What to do: Output exactly the lines from the line that has "HYDE PARK, LONDON, 1890" through the last line of the data below, with no pictures.

Source data:
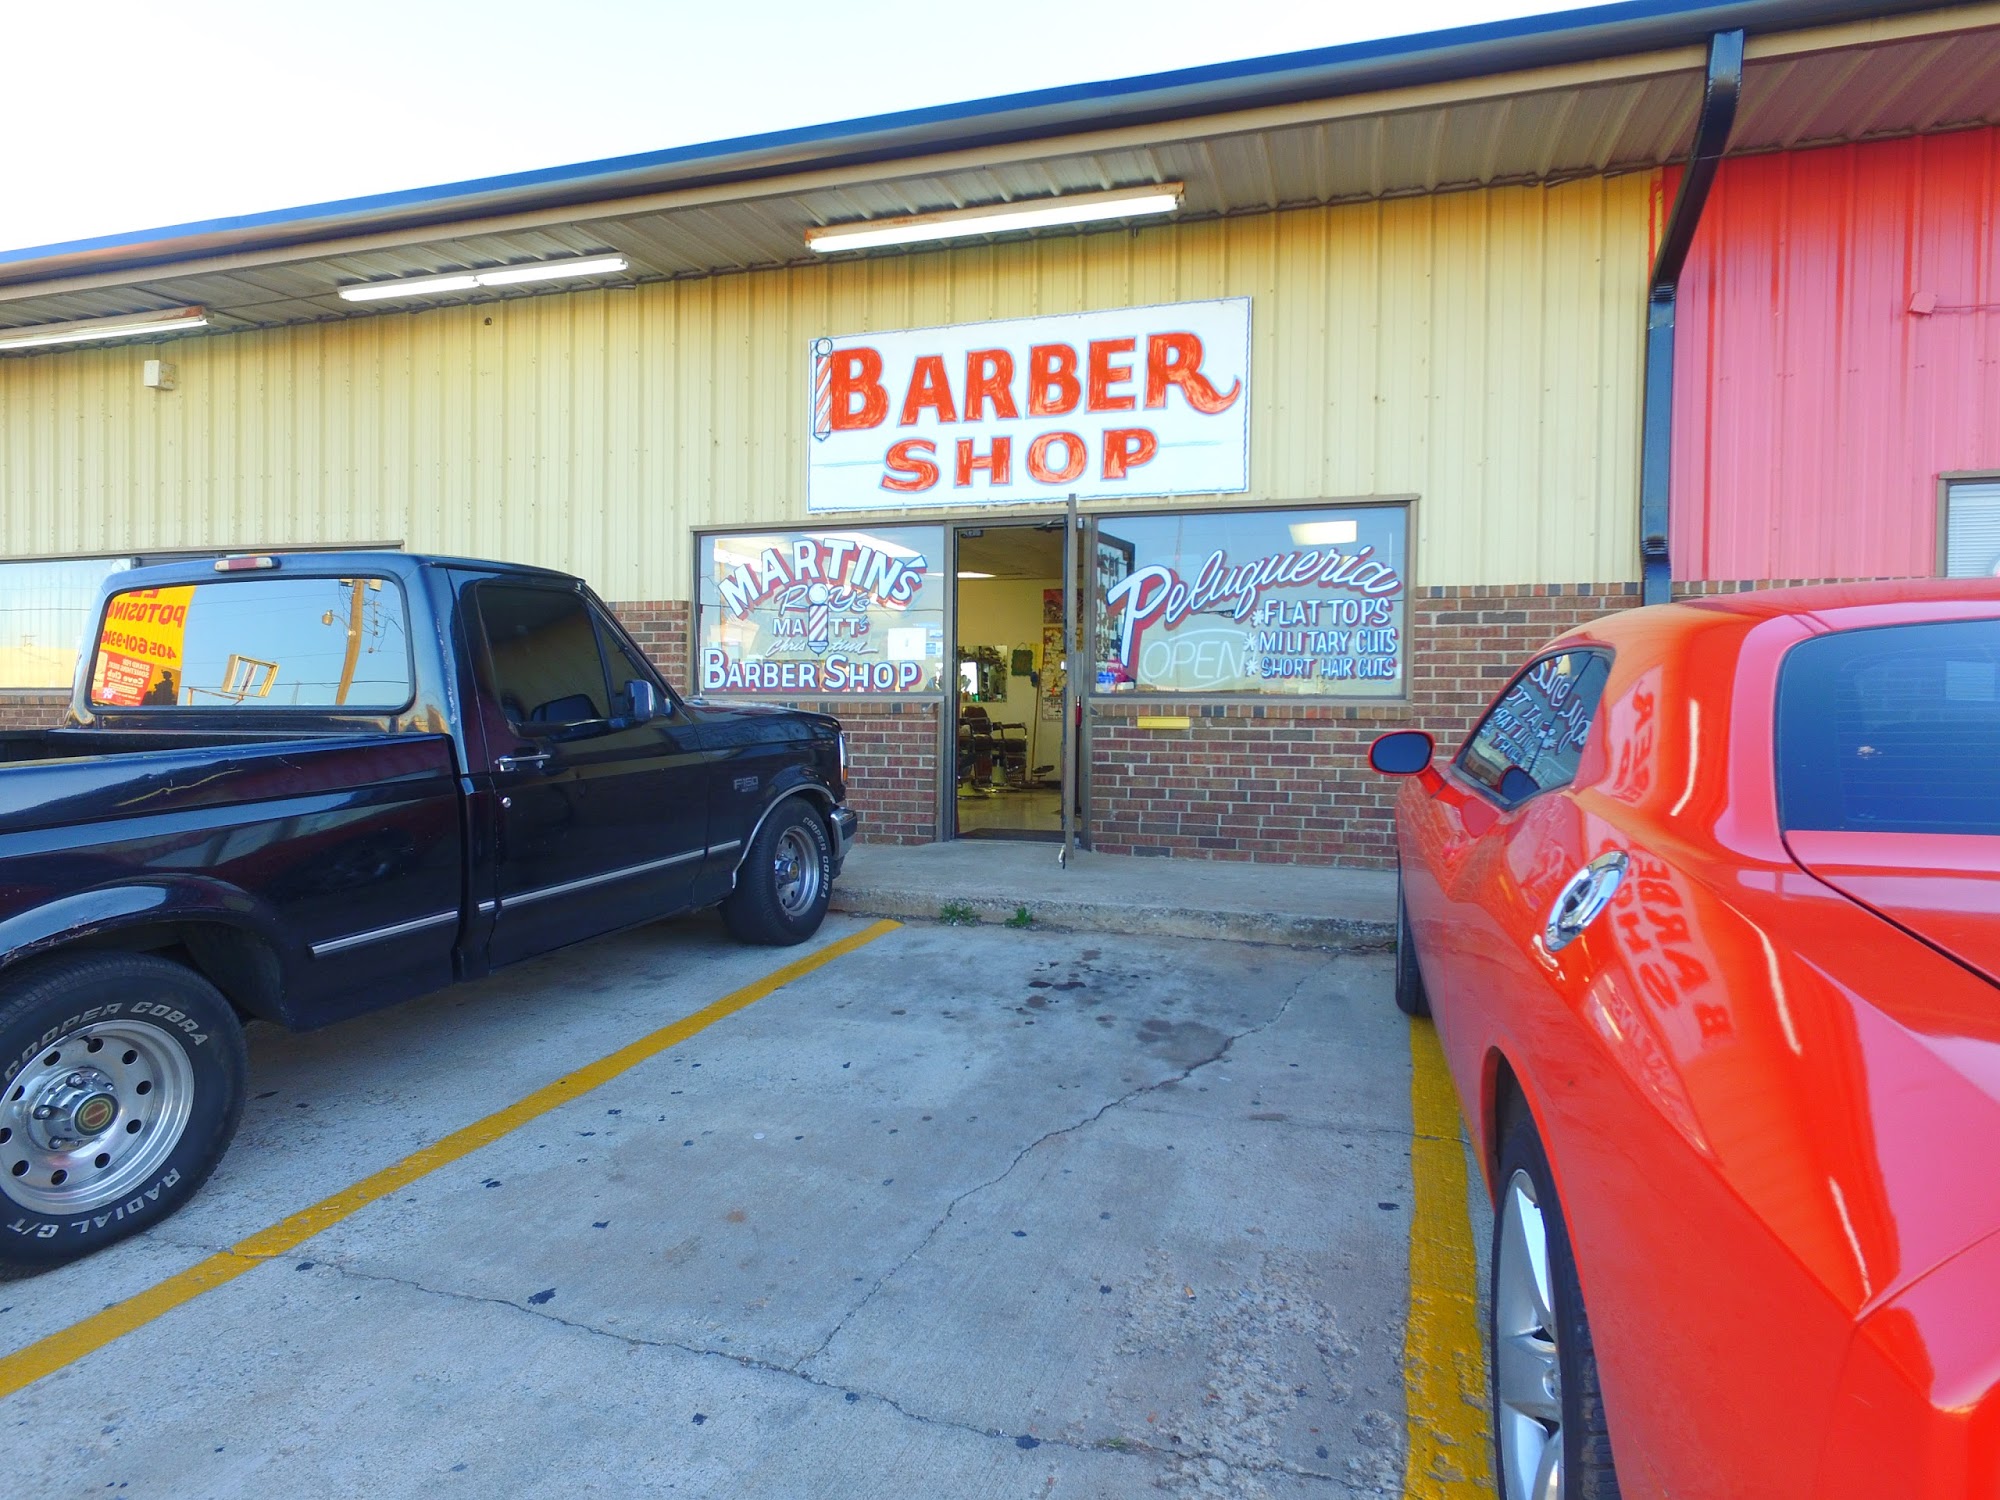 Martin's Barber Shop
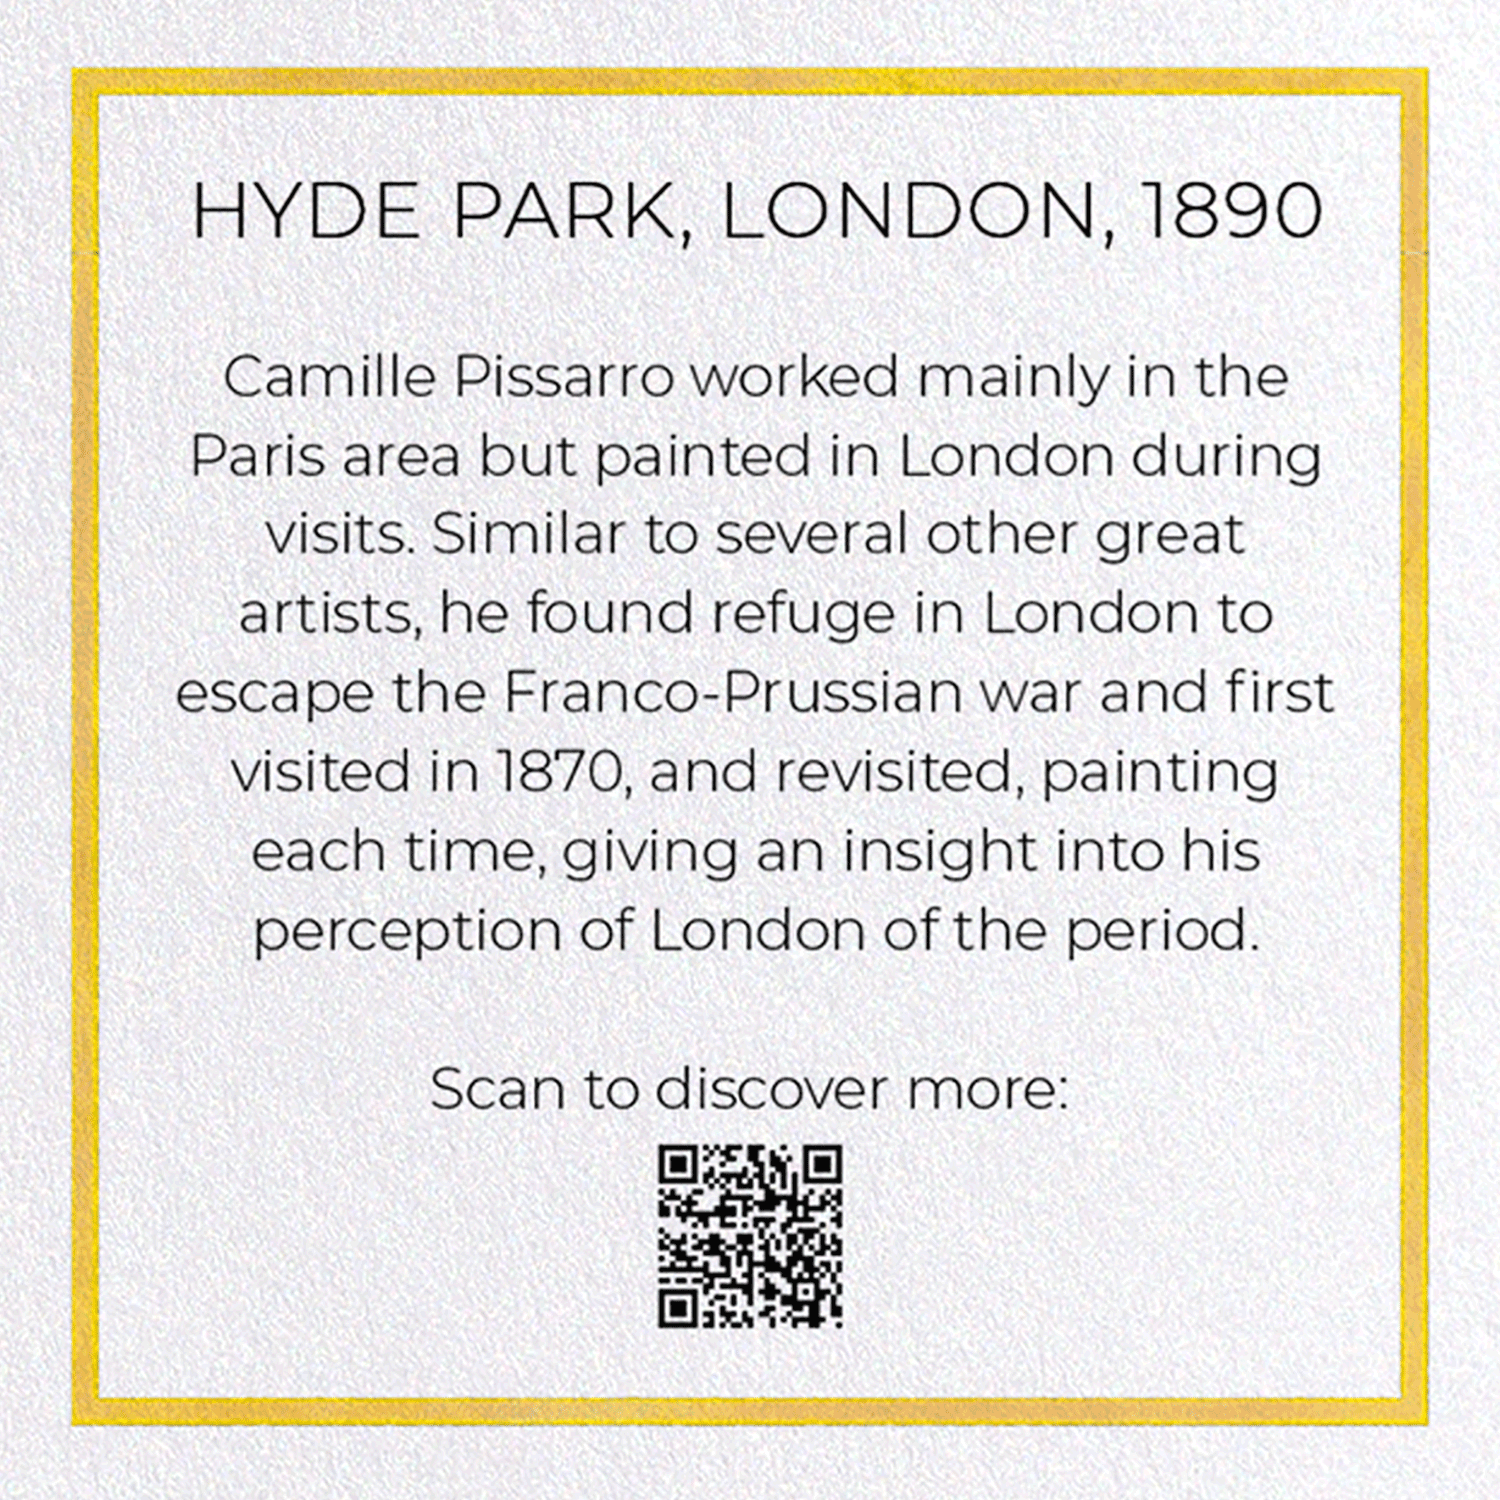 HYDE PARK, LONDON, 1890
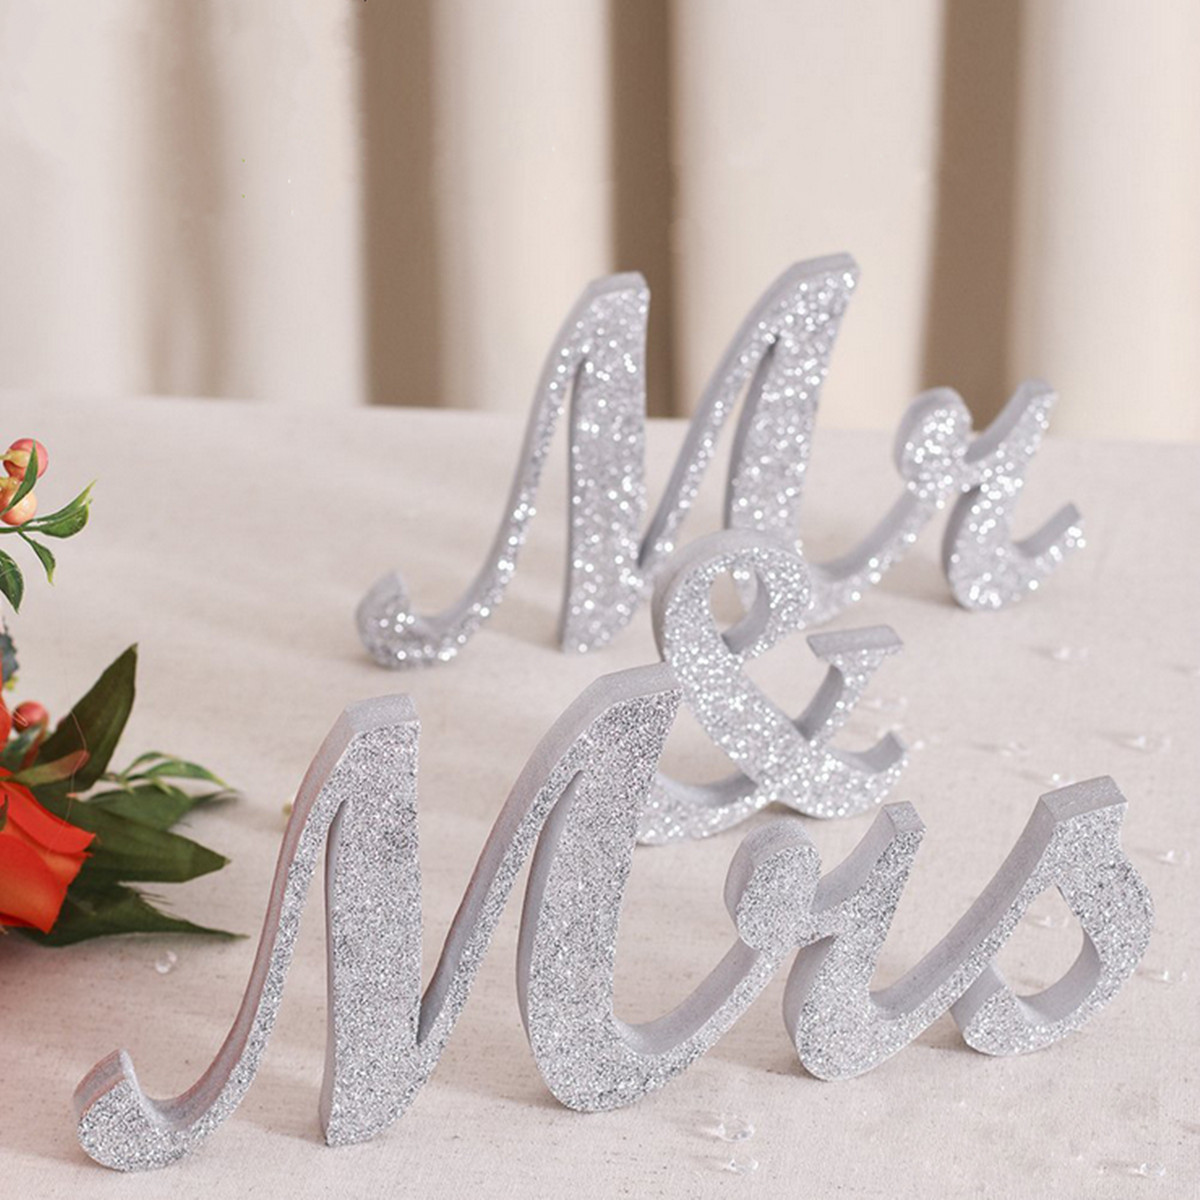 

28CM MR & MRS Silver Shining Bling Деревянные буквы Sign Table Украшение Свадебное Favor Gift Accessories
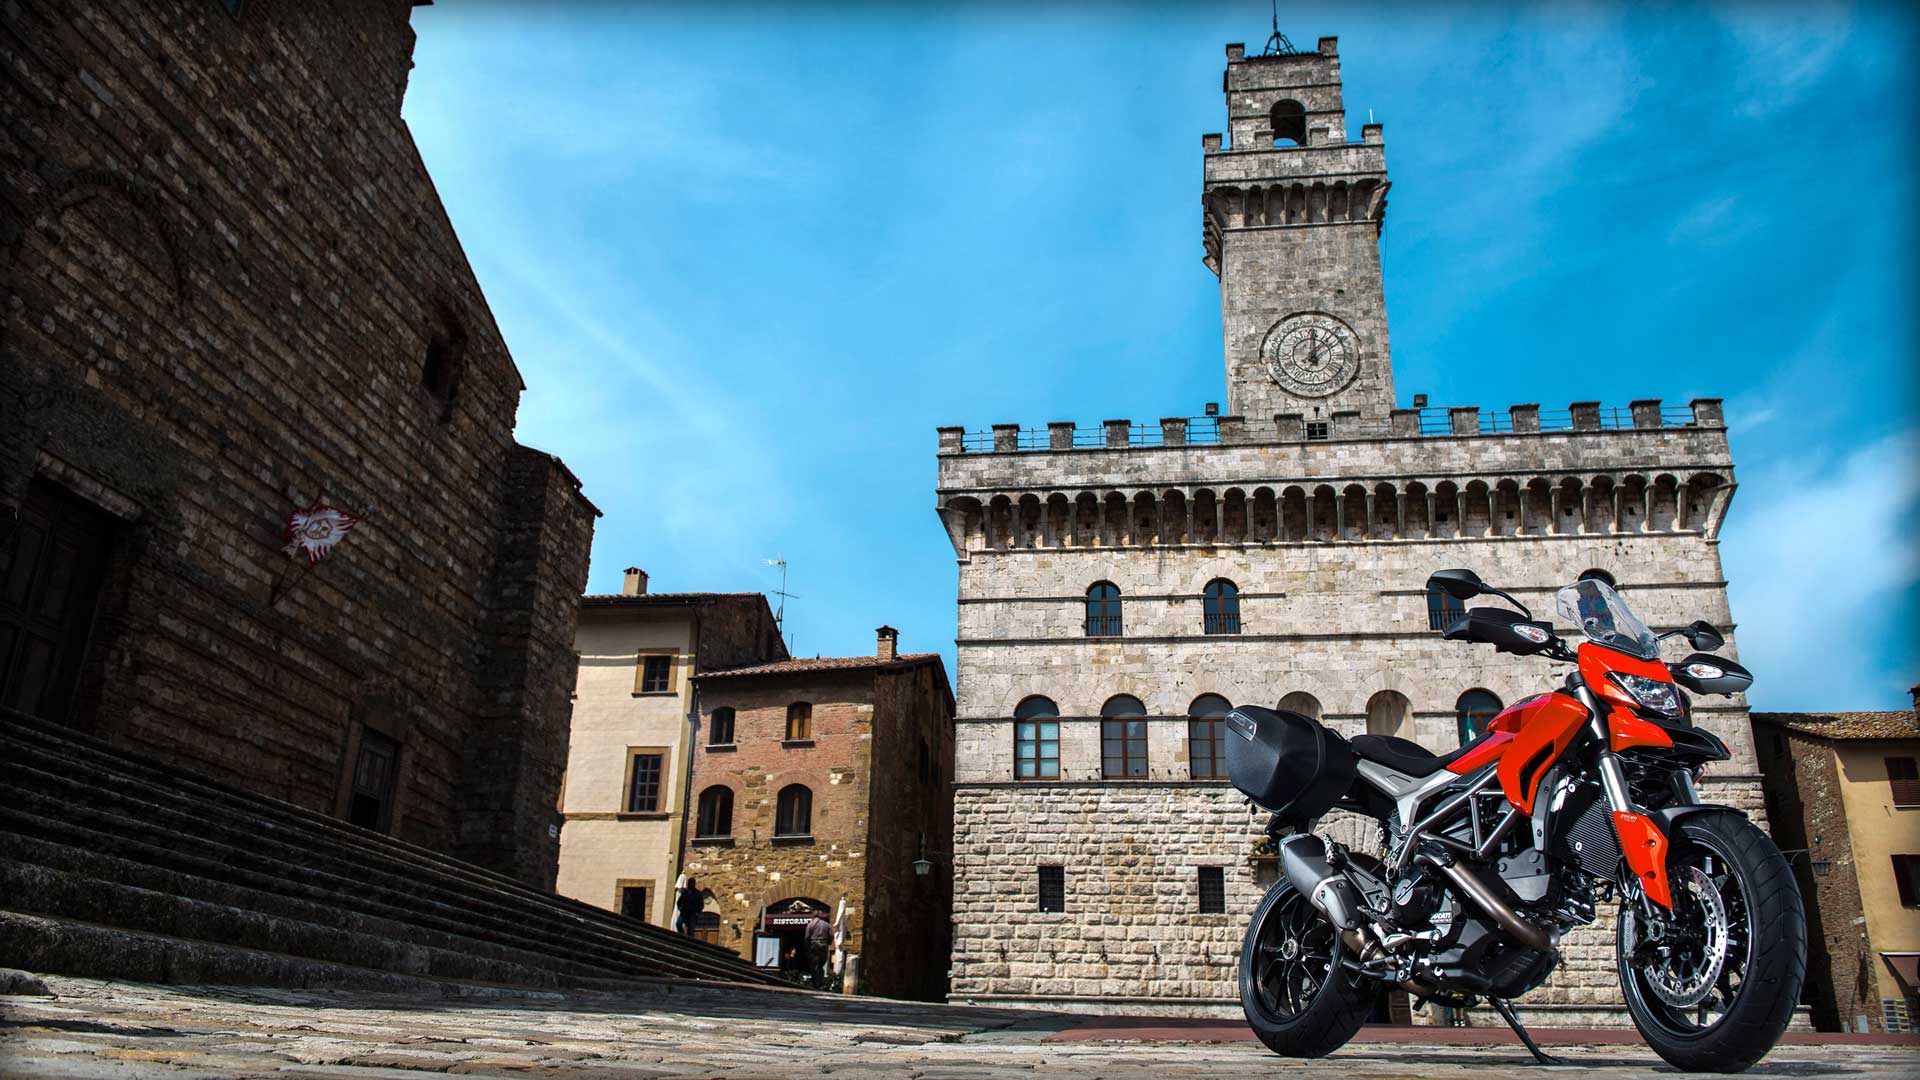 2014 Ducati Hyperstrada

Written solution:
 HYDE PARK, LONDON, 1890

28CM MR & MRS Silver Shining Bling Деревянные буквы Sign Table Украшение Свадебное Favor Gift Accessories
 2014 Ducati Hyperstrada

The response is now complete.